Background Statins have been demonstrated to reduce disease activity in rheumatoid arthritis (RA) patients. There is growing evidence that another class of hypolipidemic drugs – PPARalpha agonists, or fibrates, may play a role in the treatment of RA. There is a lack of data on comparative effects of statins and fibrates in RA.

Objectives To evaluate comparative anti-inflammatory effects of fenofibrate and simvastatin in patients with active RA.

Methods We retrospectively compared clinical efficacy of fenofibrate and simvastatin in similar groups of patients with active RA who had participated in two respective open-label before-after clinical trials performed in a single center.

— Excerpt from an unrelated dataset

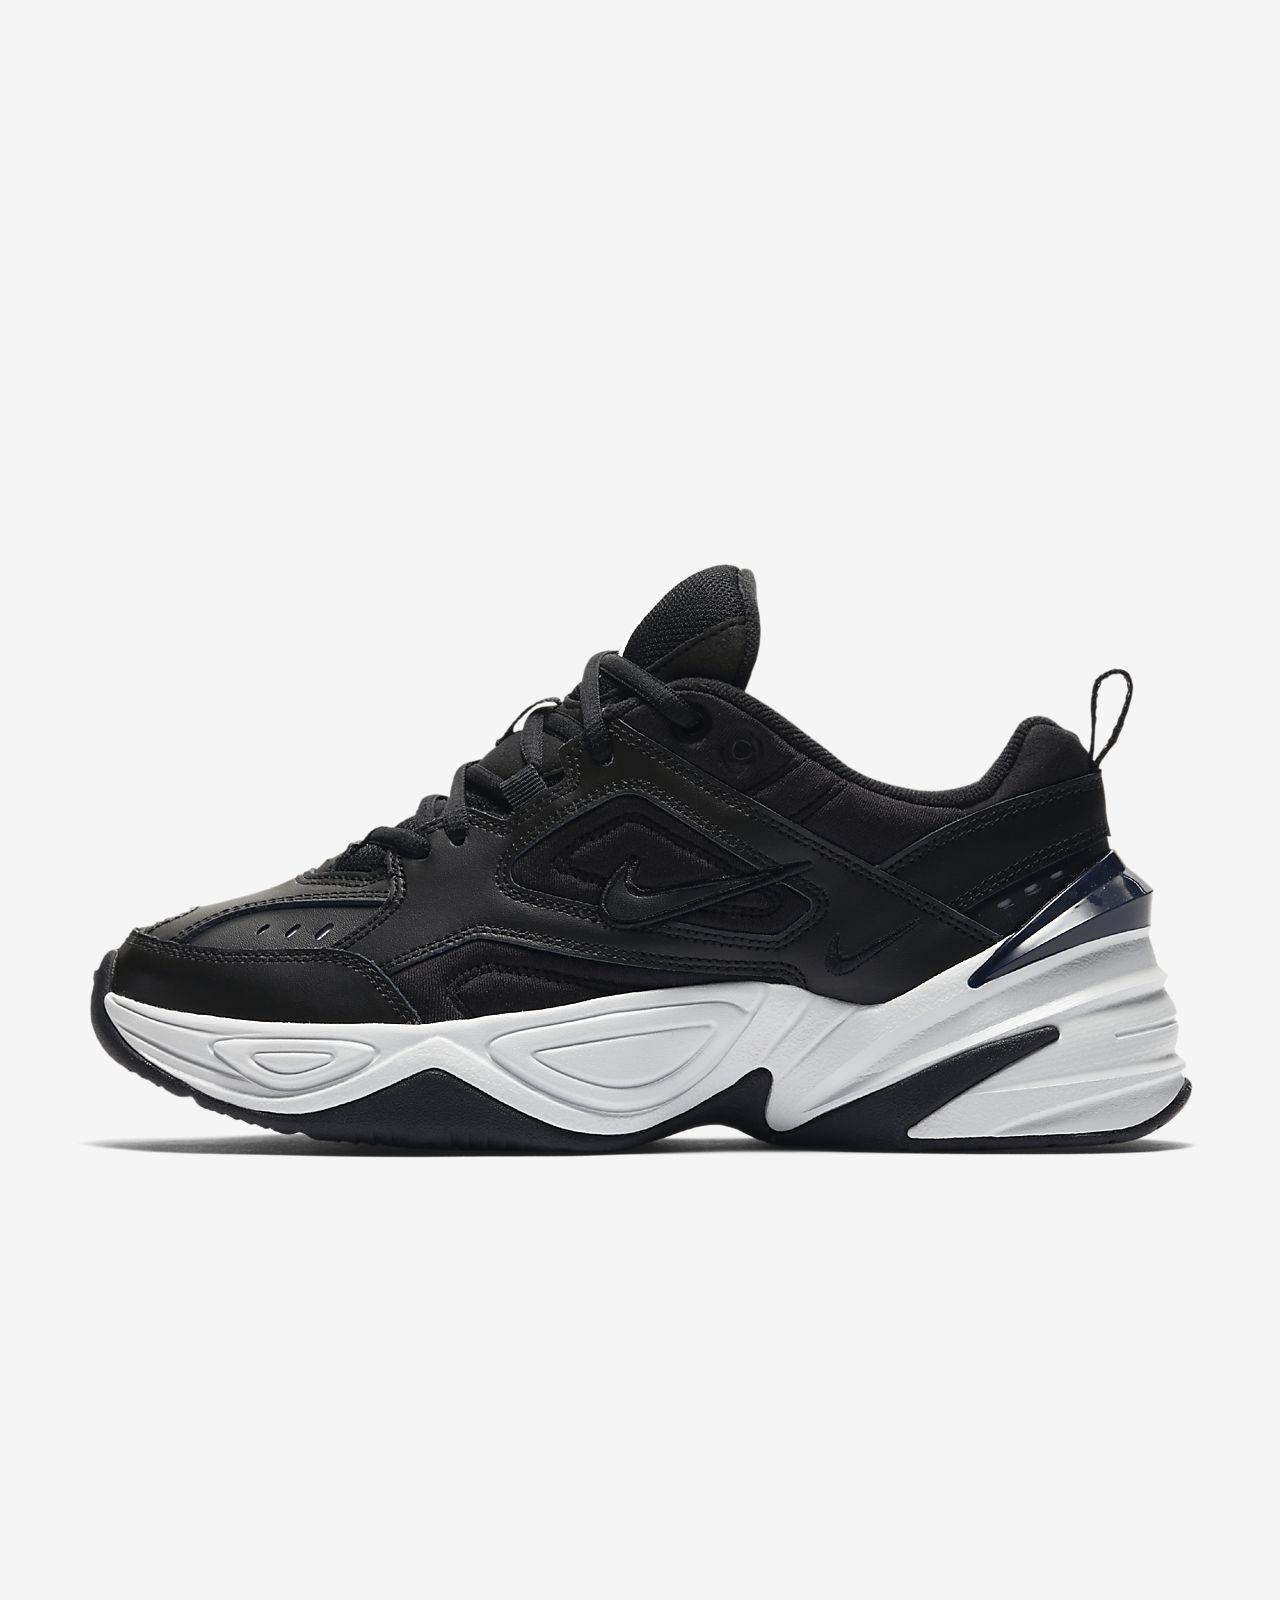 Chaussure Nike Tekno M2K Tekno Nike pour LU ab57f1

The main eligibility criteria were fulfillment of ACR criteria and DAS28 > 3.2. Each group consisted of 33 patients. Patients received treatment with 145 mg of micronised fenofibrate or 40 mg simvastatin per day for 12 weeks. Evaluations were made at baseline and at weeks 4, 8 and 12. Clinical efficacy outcomes recorded were: DAS28, individual DAS28 components, ACR responses, HAQ, pain levels (VAS), and ESR. Longitudinal changes in clinical efficacy parameters were compared between groups using generalized estimating equations (GEE). The models were adjusted for baseline patients’ age, disease duration, concomitant disease modifying antirheumatic drugs use, and baseline disease activity.

Results The mean duration of disease was 8.2 (IQR 2.4,19) years and 9 (IQR 6,13) years in fenofibrate and simvastatin groups, respectively. The fenofibrate group had slightly lower baseline disease activity (6.3 (SD 0.8) vs 6.8 (SD 0.8), p=0.009). Moderate EULAR response was achieved in 17 (51.5% ) patients receiving fenofibrate and 11 (33.3)% patients who were prescribed simvastatin. Using GEE analysis, fenofibrate treatment was shown to be associated with a greater reduction in DAS28, swollen joint count, and patient’s assessment of general health. There was also a trend towards improvement in ESR in fenofibrate group (Table).

Conclusions The results of this retrospective analysis suggest that in active RA patients fenofibrate may have more pronounced anti-inflammatory effects that simvastatin. These findings have to be confirmed in a randomized study.